Photos contributed by Bill Jenkins
By Bryanna Allen-Rickstad

Plump flakes fall with ease as they blanket the ground in a sea of white. The stunning silence is broken by a sudden SWISH of skis and a wall of powder. 

Eric Nichols, who spends summers on Lake Bomoseen, also finds the time to make trips to the area in the winter to visit the abandoned Birdseye Ski Resort.

Nichols hikes the overgrown slopes; his skis strapped to his back, boots slung over his shoulder. It’s a hefty effort to enjoy a few short minutes of backcountry skiing. 

“I love the tranquility of this old place,” said Nichols, munching on a Clif Bar. “It has a lonely but peaceful atmosphere to it.”

The resort was not always so lonesome. Built in 1961 by Bill Jenkins, it boasted a total of two lifts and six trails. For several years, the business thrived. Although small, it offered night skiing and was one of only three ski resorts in the region to have snowmaking equipment, said Jeremy Davis,  founder of the New England Lost Ski Areas Project.

However, the resort was soon to see a turn of fate. A board of directors insisted on removing the snow making machine and adding another, larger, extremely expensive lift in its place. 

The next two winters brought very little snow and the resort did not generate enough income to pay debt on the new lift, forcing it to close, Davis said. 

For several years following the resort’s demise, there were attempts to keep it an active part of the community through camping and events including ATV and sledding races.

But the place slowly began to dissolve. The people stopped coming and the surrounding woods began to take over. For years the land sat undisturbed, while the trails grew over and the ski equipment rusted. 

Davis feels a connection with the old resort, and hopes that one day it may come back to life. 

“I always love to see lost areas come back in some form or another,” said Davis. “But I’m not expecting it….it should just be appreciated as local history.”

But life did start to return to the old place. 

Several years ago, Castleton State College professor Steve Lulek started taking his Winter Mountaineering class on overnight trips up Birdseye. The students loved it.

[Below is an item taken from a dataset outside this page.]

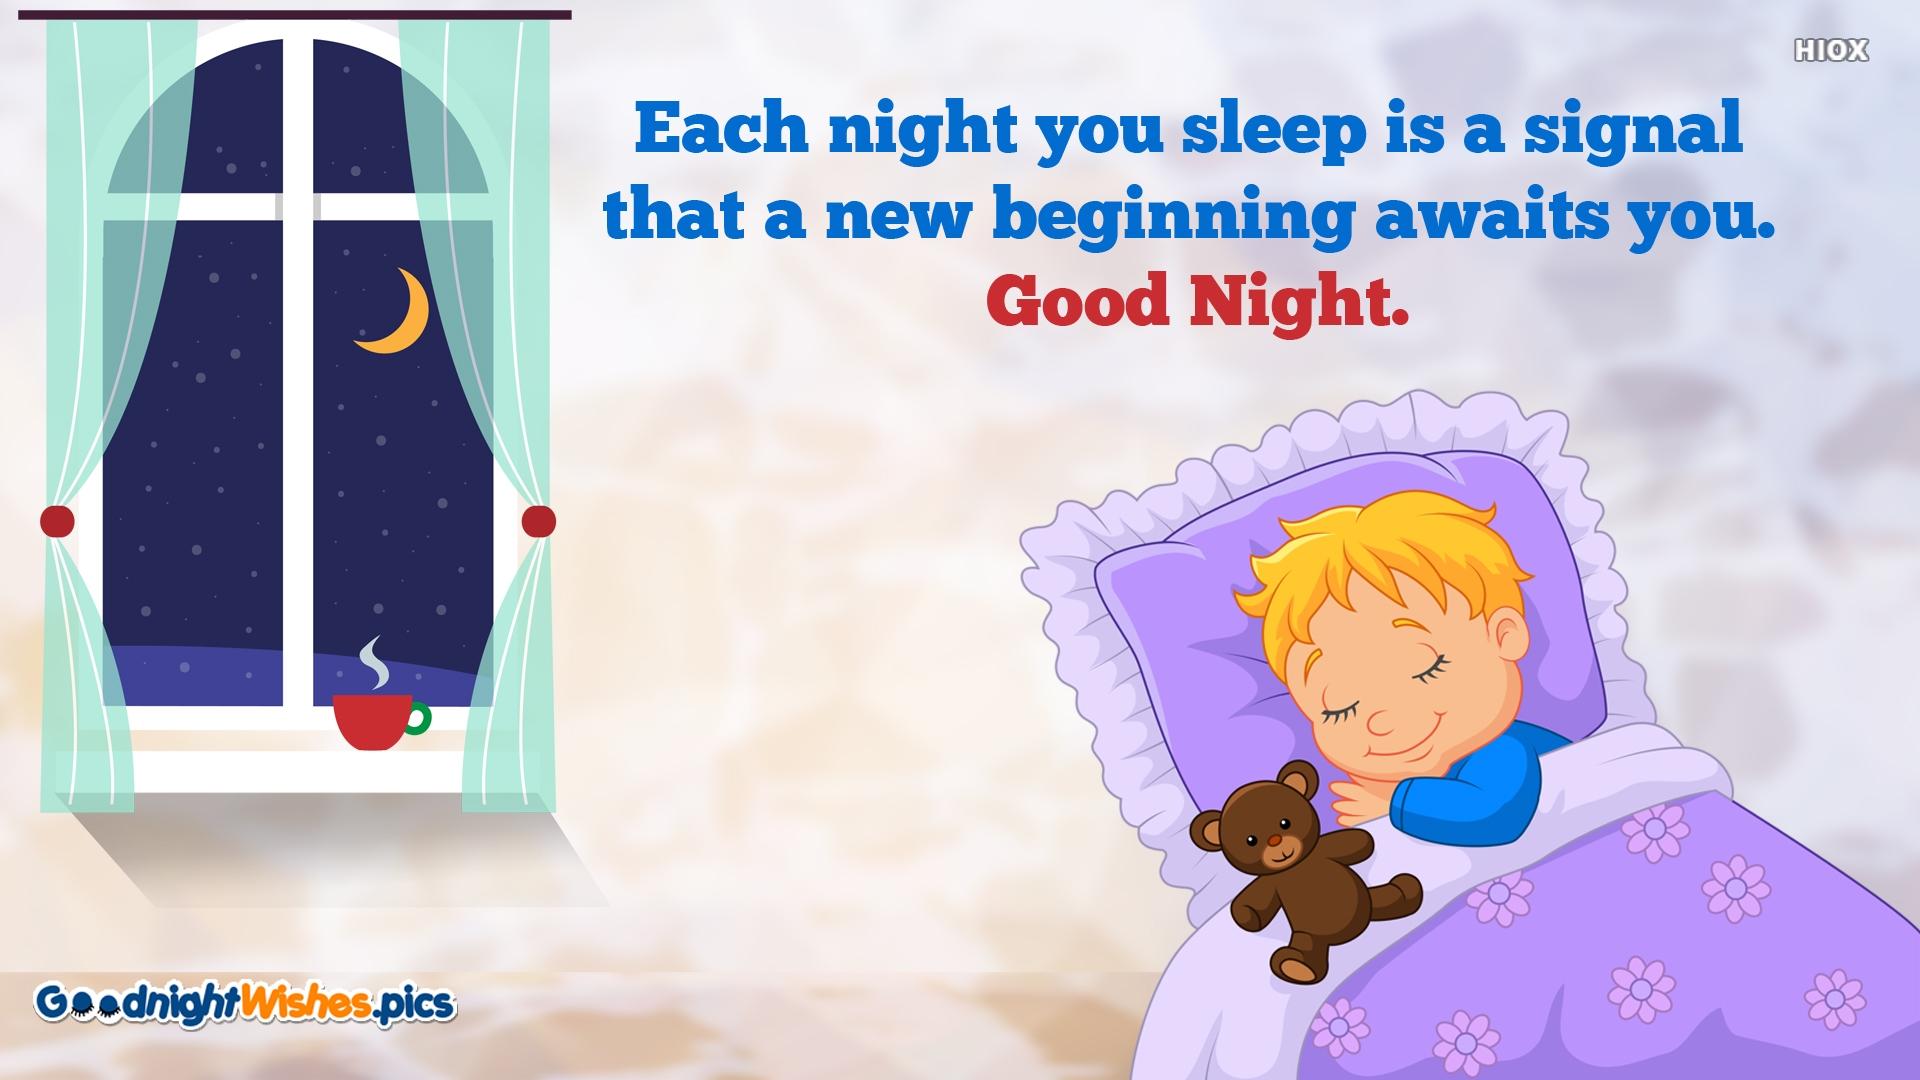 Each Night You Sleep is A Signal That A New Beginning Awaits You. Good Night.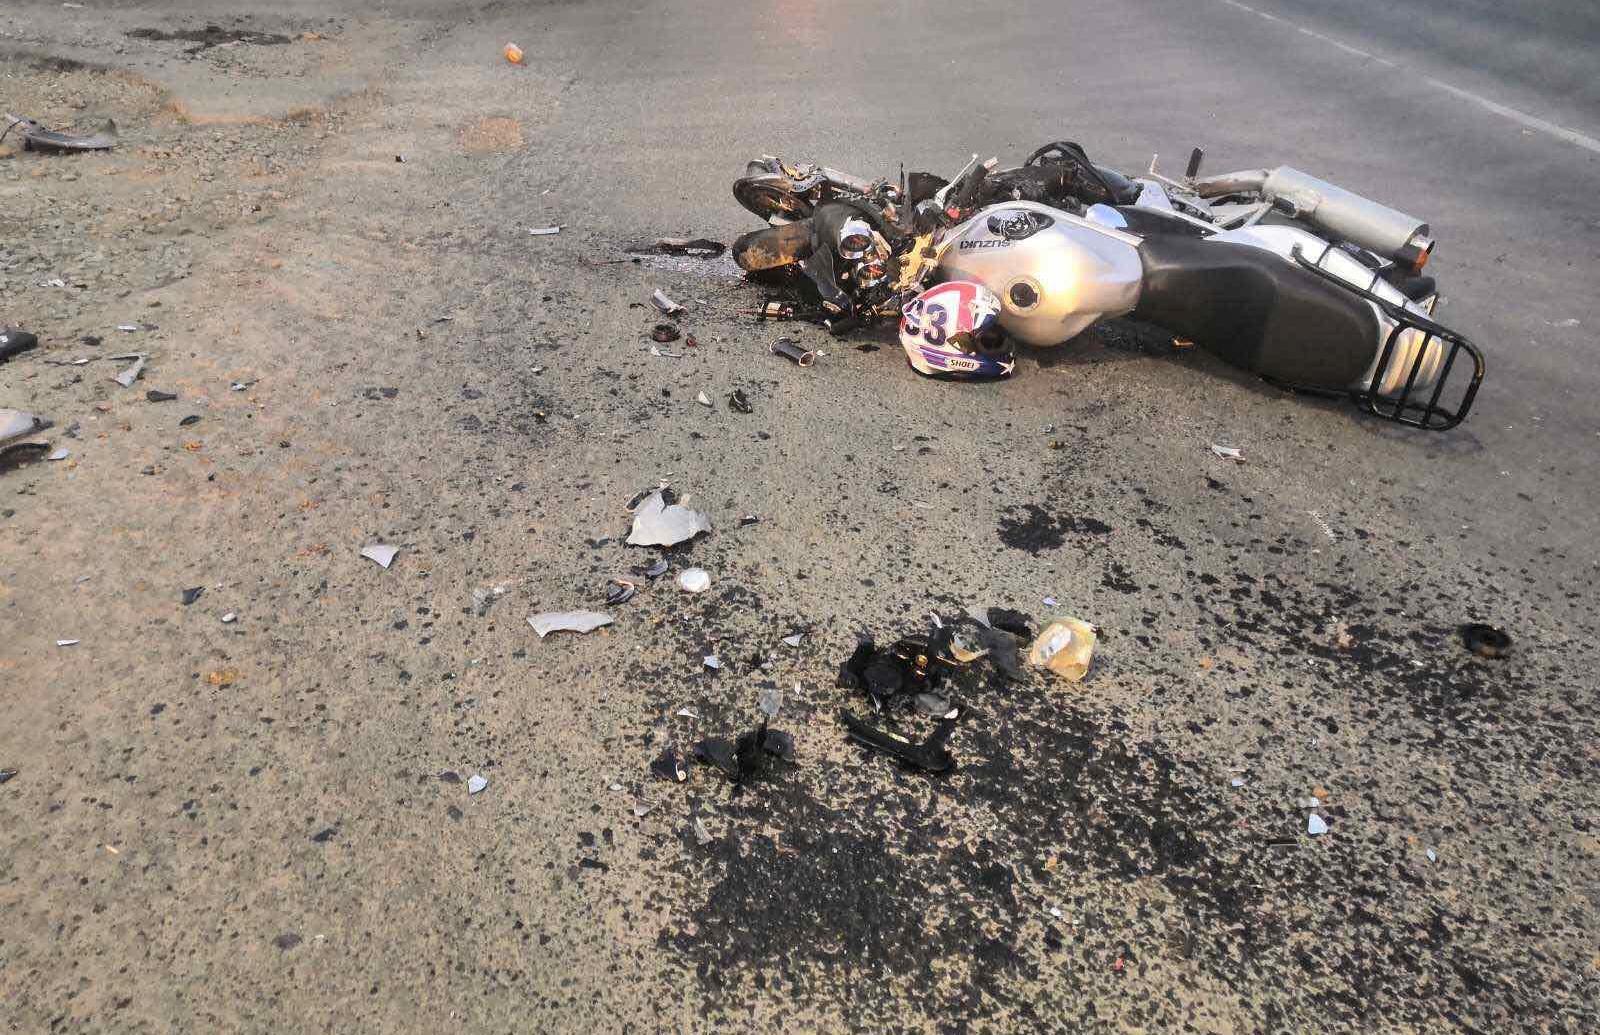 Мотоциклист попал под «КамАЗ» в костромской промзоне

“It was great to be in this old, hidden place that no one knows about,” said Henry Wilton, a mountaineering student. “It’s kinda sad that it’s been forgotten about … but also kinda great.”

Even though Birdseye Mountain sees only the annual college class and the occasional hiker, it is still a part of the town’s history and Davis would be willing to bring more light to the “little lost resort.” 

“If anyone wants to see it come alive again, it might be something we could do as a community.” 

Photos contributed by Bill Jenkins
Chuck Arnold
3/25/2013 01:04:06 am

The current owner is a good friend of mine and has expressed on many occasions that he would like to start a camping and ATV friendly recreation area. It was also mentioned that it would be nice to get the old snowmachine races going again. I hear that was quite the attraction back several years ago.
Indeed, Bird Mountain and the area now known as Birdseye is a wonderful area with many spectacular views and an abundance of wildlife.